Breast reduction is appropriate for patients whose breast volume creates ongoing physical burden, proportion concerns, or both. Ideal candidates are in good general health, near a stable weight, and looking for a reduction that improves daily comfort as well as breast shape. The operation is relevant both for patients with long-standing symptoms and for those whose symptoms have become more limiting over time.

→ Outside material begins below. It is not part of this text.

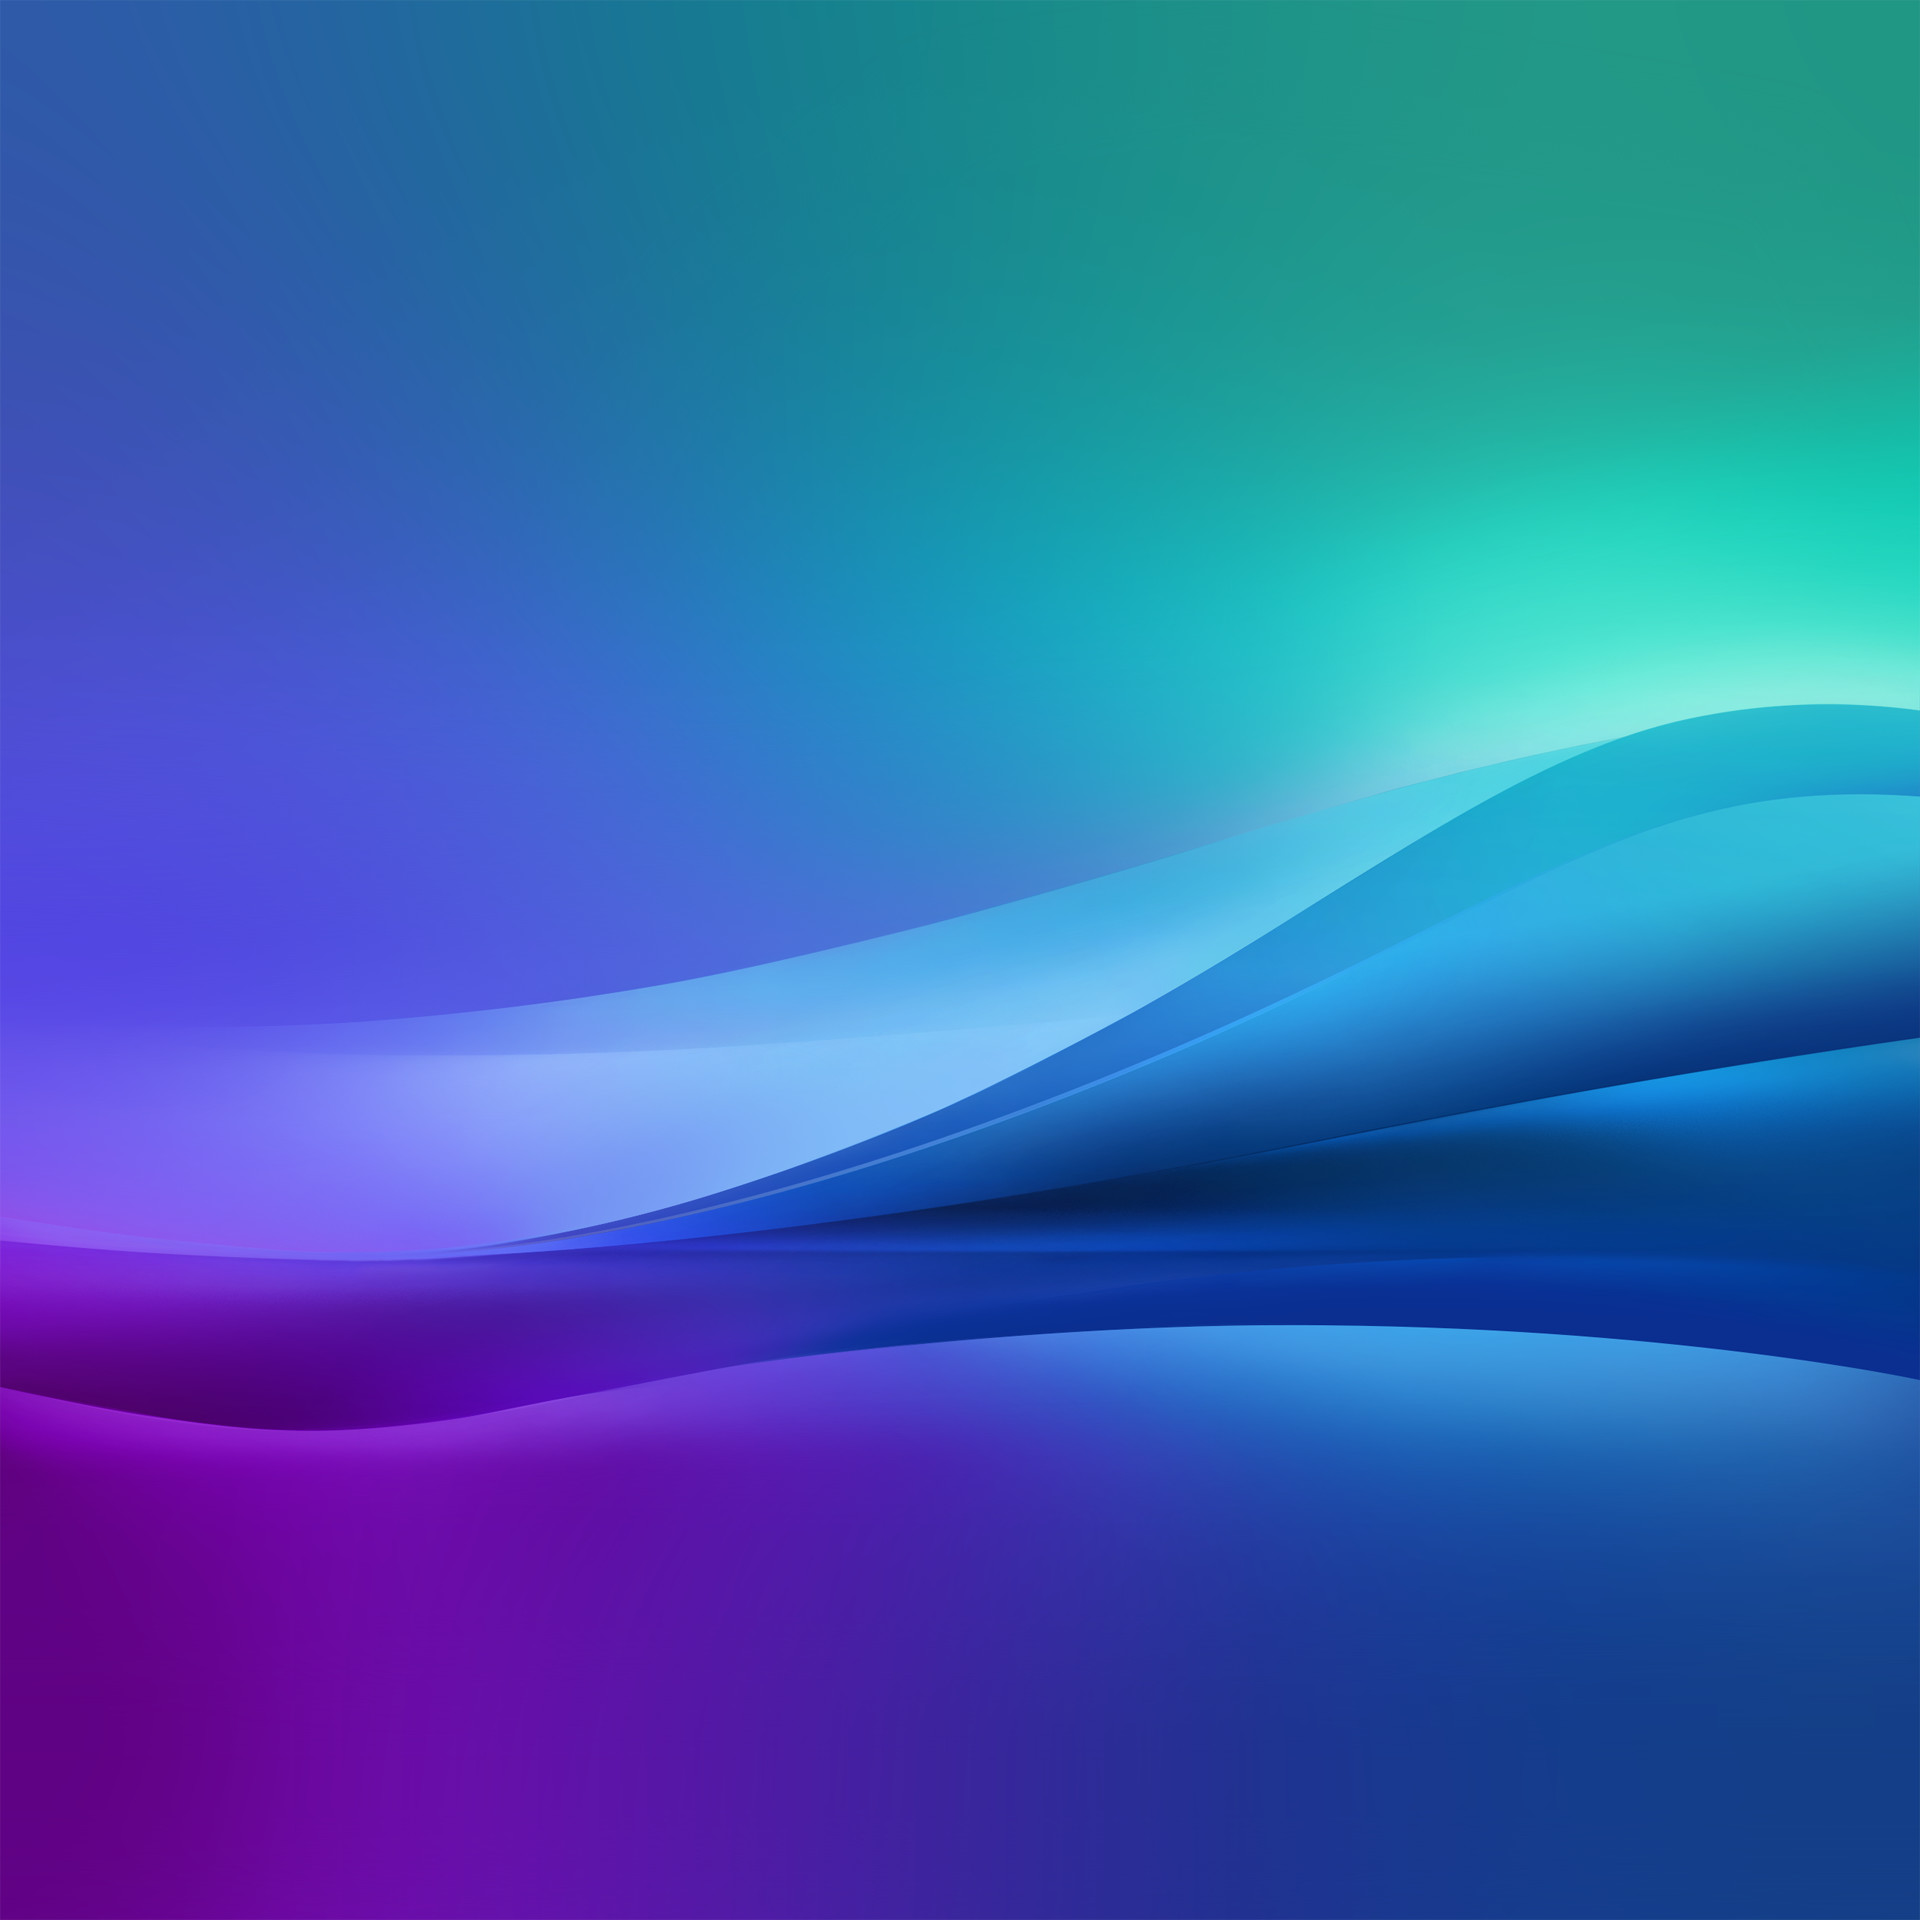 Galaxy Tab S2 Wallpapers 67 Images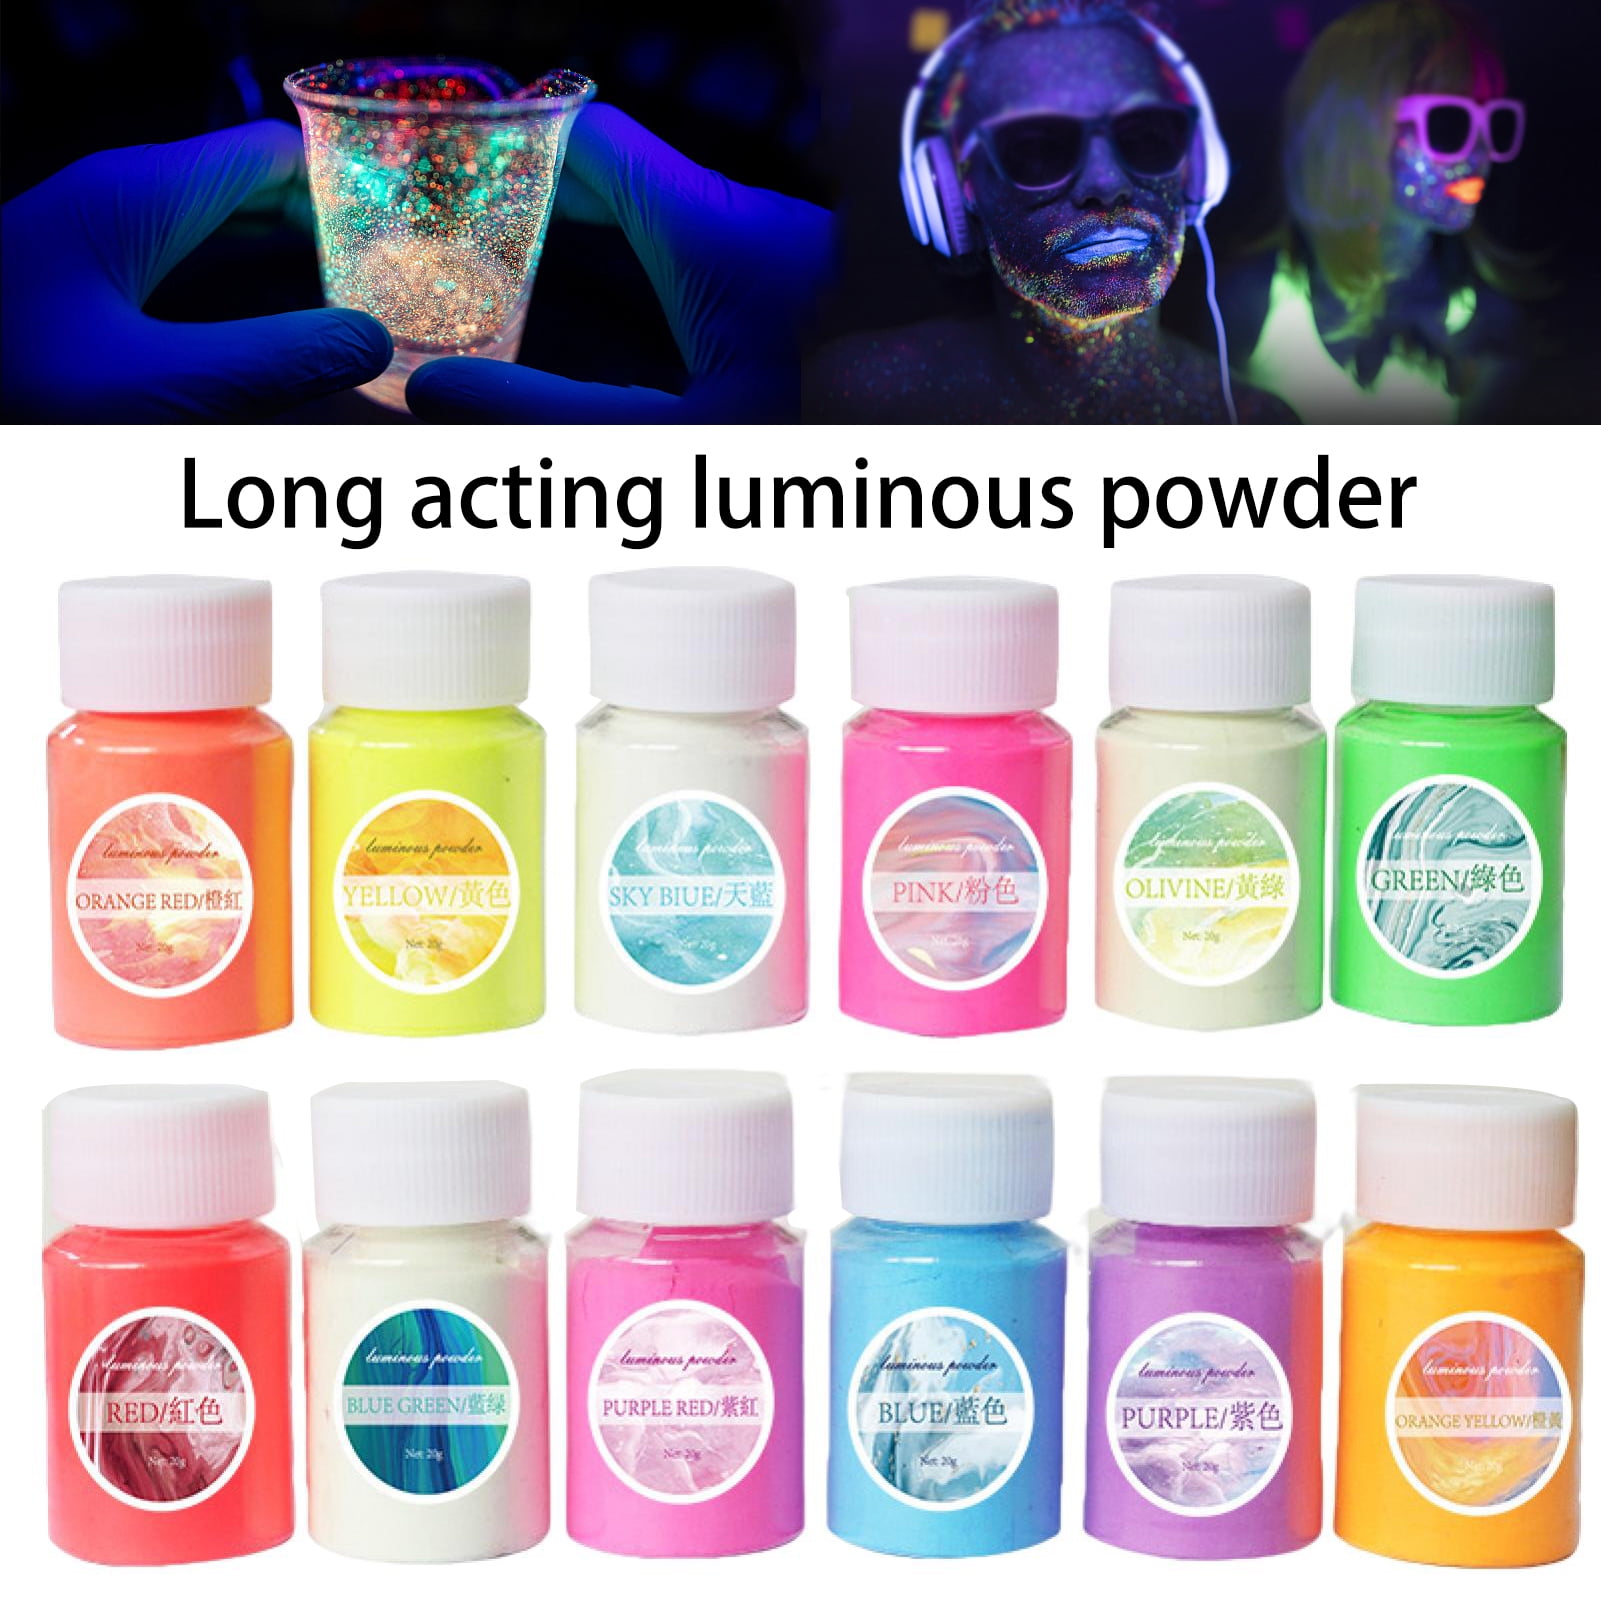 UV Glow Blacklight Face and Body Paint Set of 8 Tubes, Neon

Persistent neck, shoulder, or upper-back discomfort related to breast weight
Bra strap grooving and difficulty finding adequate support
Recurrent irritation or rash beneath the inframammary fold
Restriction during exercise, movement, or day-to-day activity
Breast volume that feels disproportionate to overall body frame
Marked asymmetry, with or without associated heaviness
Recovery

Recovery and shape settling

Most patients notice that the breasts feel lighter early in recovery, even before swelling has fully settled. Swelling and shape evolution continue over the first weeks, and a supportive post-operative bra is typically used for about 6 weeks. Return to desk-based work is often possible within 2–3 weeks, while more physical routines usually need longer. The breast shape continues to settle over several months.

1 night
Hospital stay
2–3 wk
Return to work
6 wk
Support bra
6 mo
Final shape
FAQ

Common questions

The amount of reduction depends on your anatomy, skin envelope, nipple position, symptom burden, and what can be achieved safely. Cup size cannot be guaranteed with precision because bra sizing varies significantly between brands and styles. Instead, planning is based on proportion, symptom relief, and the degree of reduction that can be achieved without compromising shape or tissue safety.
Temporary sensory change is common during early recovery. In many patients, sensation improves as swelling settles and nerves recover, but persistent change is possible and should be considered part of the consent discussion. The degree of reduction and the operative design both influence this risk.
Breast reduction can affect future breastfeeding capacity, depending on anatomy, technique, and the amount of tissue that needs to be removed. Some patients are still able to breastfeed after surgery, but this should not be assumed in every case.
Breast reduction always leaves scars, but the exact pattern depends on how much reduction and skin tightening is required. In moderate cases, a vertical scar pattern may be appropriate; in larger reductions, a Wise-pattern scar is often necessary for better shaping and skin control. Scars usually continue to mature for many months and are placed so they remain as discreet as anatomy allows.
Most international patients stay in Istanbul for around 5–7 days, depending on the surgical plan and early recovery course. Consultation, pre-operative review, surgery, and the first post-operative checks are completed here before departure. Remote follow-up then continues with planned photo or video review and direct communication when needed.
Perfect symmetry cannot be guaranteed, because the human body is not naturally perfectly symmetrical. The aim is to reduce visible asymmetry as much as possible, while keeping the result natural and proportionate.